Right now the whole system of classification – the measurement of impairment – is under review by the International Triathlon Union as a condition for the inclusion of paratriathlon in the slate of event at the Rio 2016 Paralympics.  My neurophysiotherapist Gita Ramdharry has offered her expertise – and that of the Association of Chartered Physiotherapists in Neurology of which she is the chairperson – to the ITU committee looking at the system.  I have worked with Clare Cunningham, one of the ITU athlete representatives, to submit a paper to the ITU committee outlining various concerns and factors to consider when reconfiguring testing for neuromuscular athletes.  So in addition to being supportive of the parasport movement through my participation, I have tried to progressively impact its future development by connecting people and offering to share expertise to improve the system and its credibility from an athlete’s perspective.  So far we have received little response to our offers and input to the process – but the lack of response will not stop me from trying to be positive and proactive.

Until the new system of classification is rolled out, I will not be participating in national or international level paratriathlon events.  I can’t risk targeting races and then being denied the opportunity to race because I am “not impaired enough”.  Instead, I am focusing on races and events that motivate me and help me to continue to grow and develop as an athlete and as a person.

This does not mean I am turning my back on parasport or paratriathlon. 

I will continue to participate in open events, I will continue to be a part of the conversation, and I will continue to be a cheerleader.  And I will keep my fingers crossed that the new classification system will better measure and assess the challenges that athletes like me – those with complicated or non-standard conditions – face so that the door is opened for our participation at the highest level of our sport.  But until then… I hope that my participation will encourage more people to get involved – to aim high and dream big… 

Triathlon has shown me that I am capable of doing far more than I had ever dreamed.  And that is what my participation is all about – sharing that message to anyone and everyone.

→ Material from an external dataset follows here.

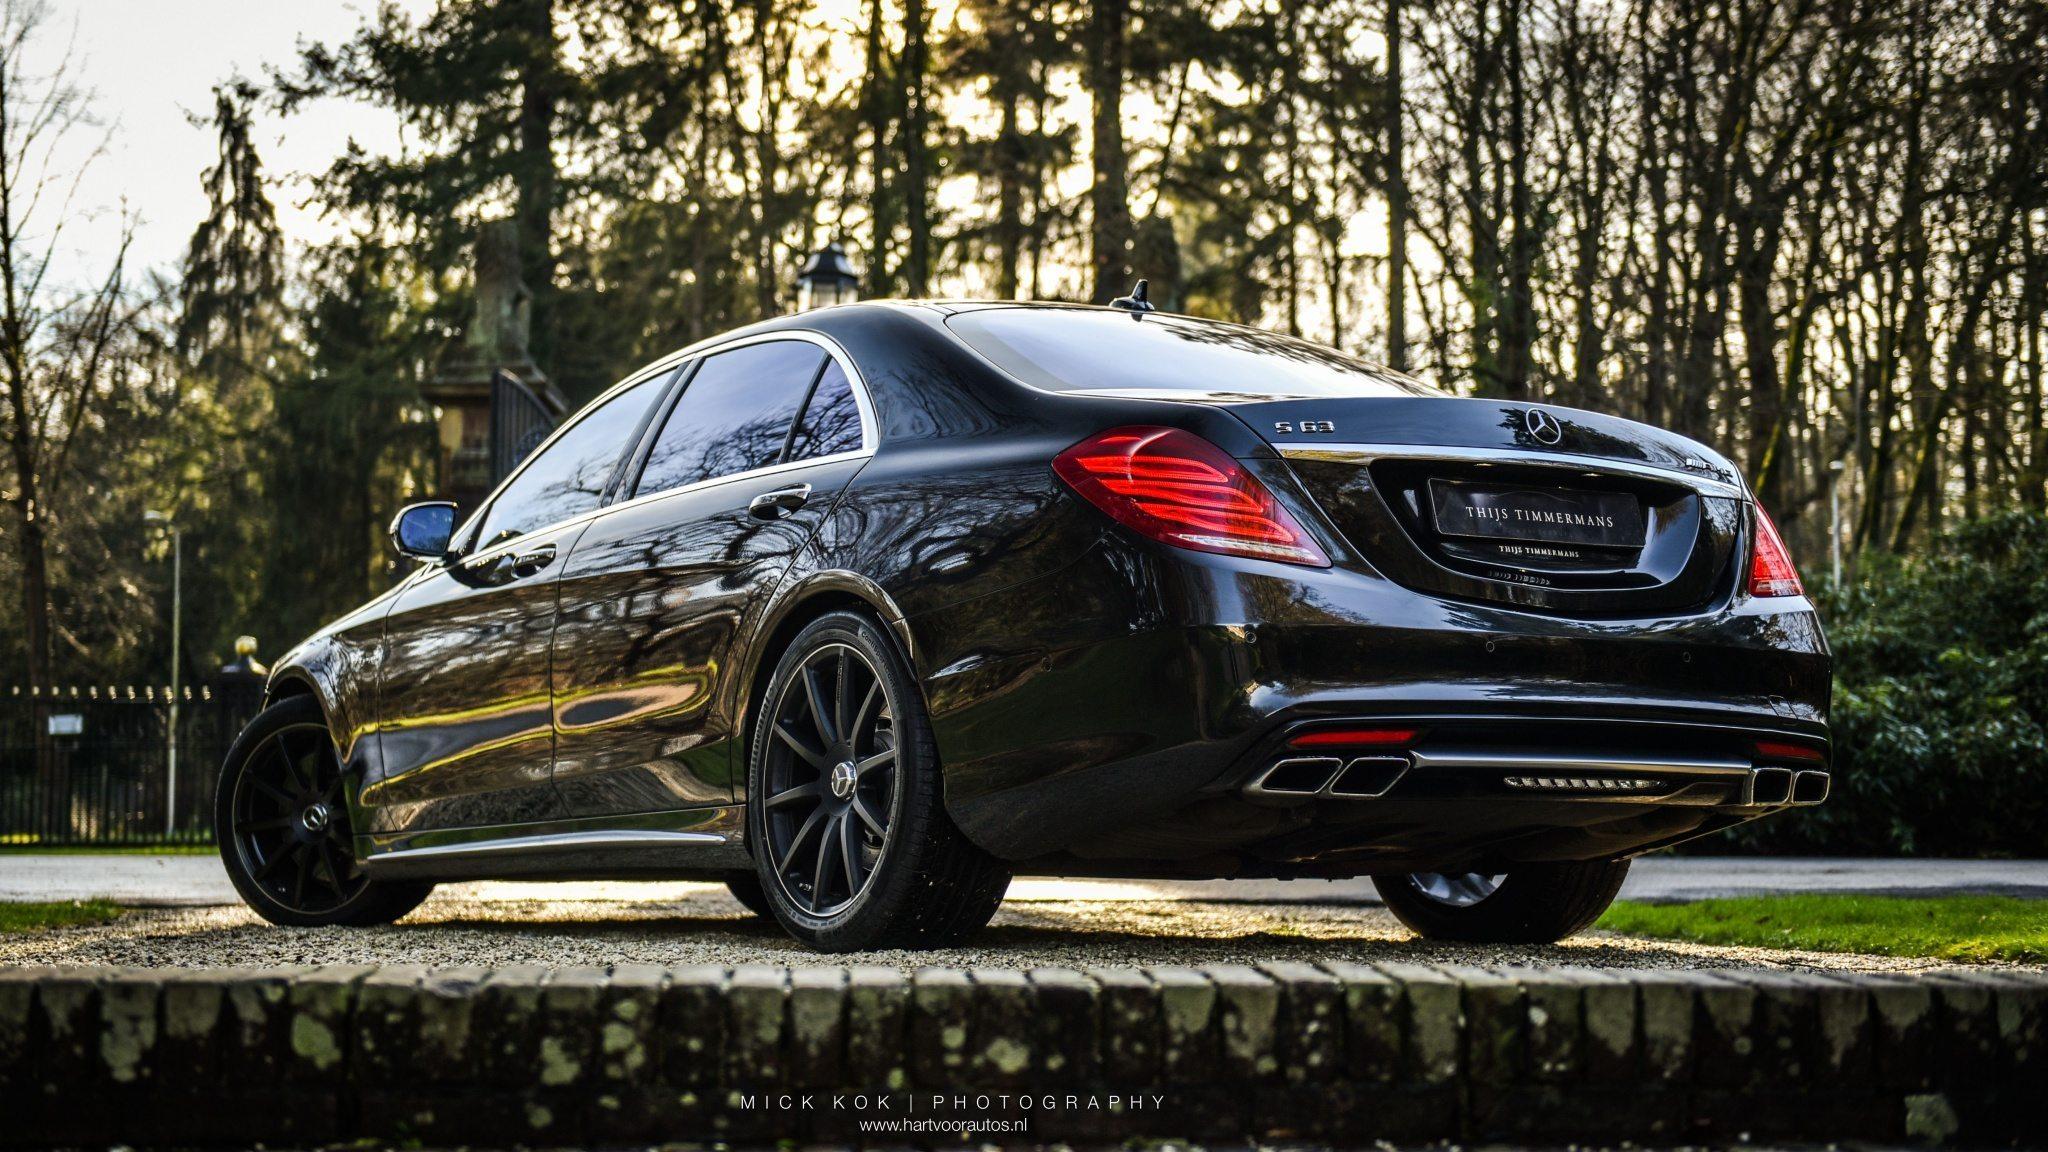 Mercedes-Benz S63 AMG - Hartvoorautos.nl

The message?

No matter what your background or challenge or current state of fitness, have the courage BOTH to dream AND to live your dreams…

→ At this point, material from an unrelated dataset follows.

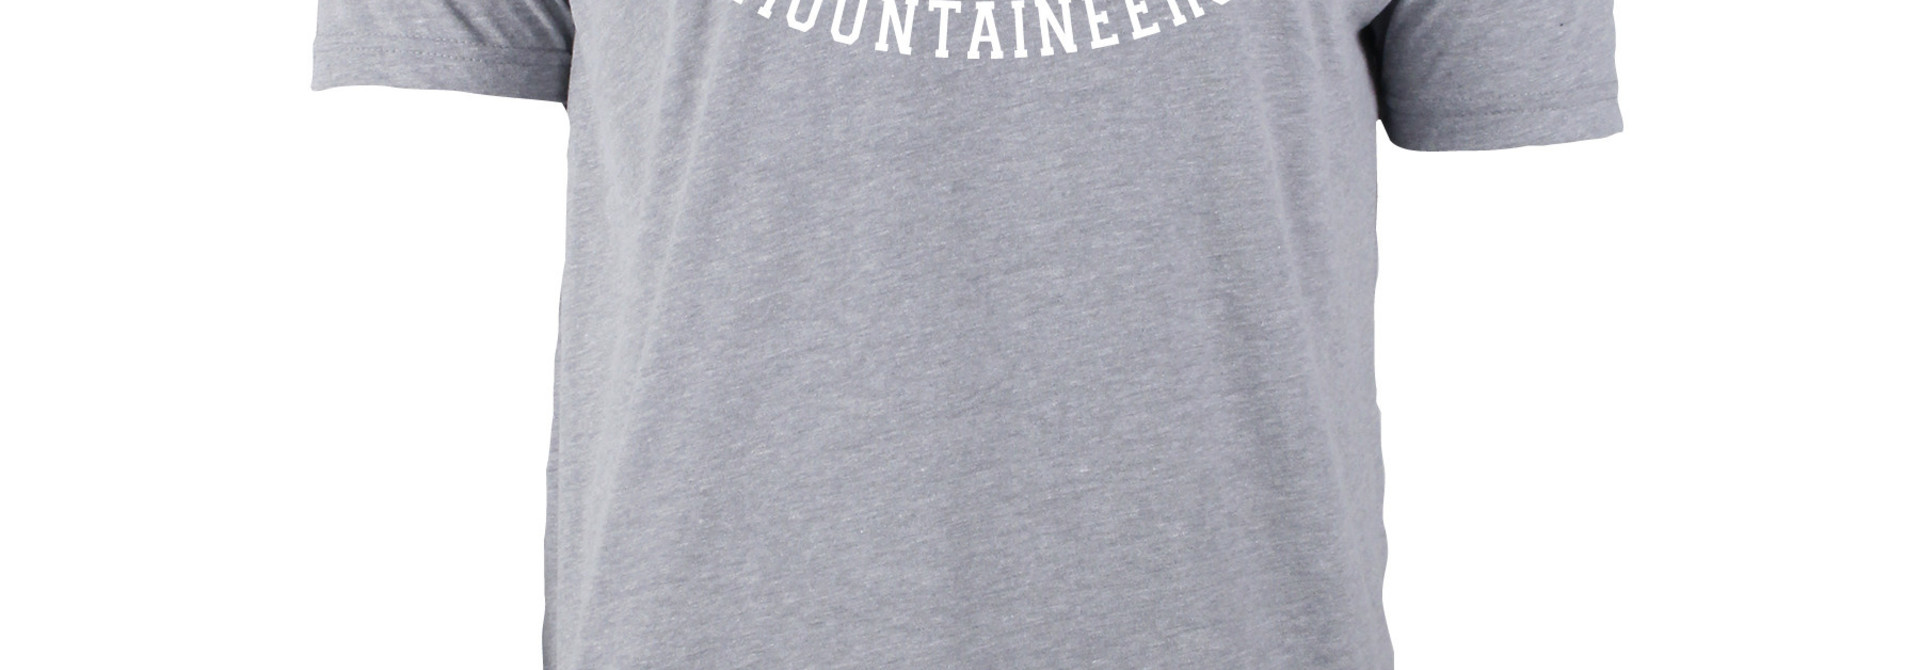 Short Sleeve T-shirt Gray Heather

One response to “Racing as a Physically Challenged Athlete”

  1. I’m so glad to have found your blog.  I too am suffering from an invisible neurological disease that is progressing. I’ve got pretty significant neuropathy and lost feeling and muscle function in my left foot and leg due to nerve damage. I began doing triathlons following weight loss surgery as a way of keeping my weight off & staying fit. Inevitably, it has been very tough to compete against women my own age because I just don’t have the same level of functioning physically.  I often come in last, or second to last because I can’t run & I have tremendous pain at all times – it has been very fulfilling to just keep on “Tri-ing”, but I am a competitive person and wish I could compete against others in my own classification. I was in London to watch the para triathletes compete in the world championships and was so impressed. I began to wonder if I actually had a chance to qualify for something like this – my wife, who was 62 years old and finished nearly last in all of our local triathlons was able to qualify for the nationals and then the worlds because of the fewer people in her age group.

    I applaud your efforts to committing energy towards getting back into classification. I will keep following you and help advocate for the same.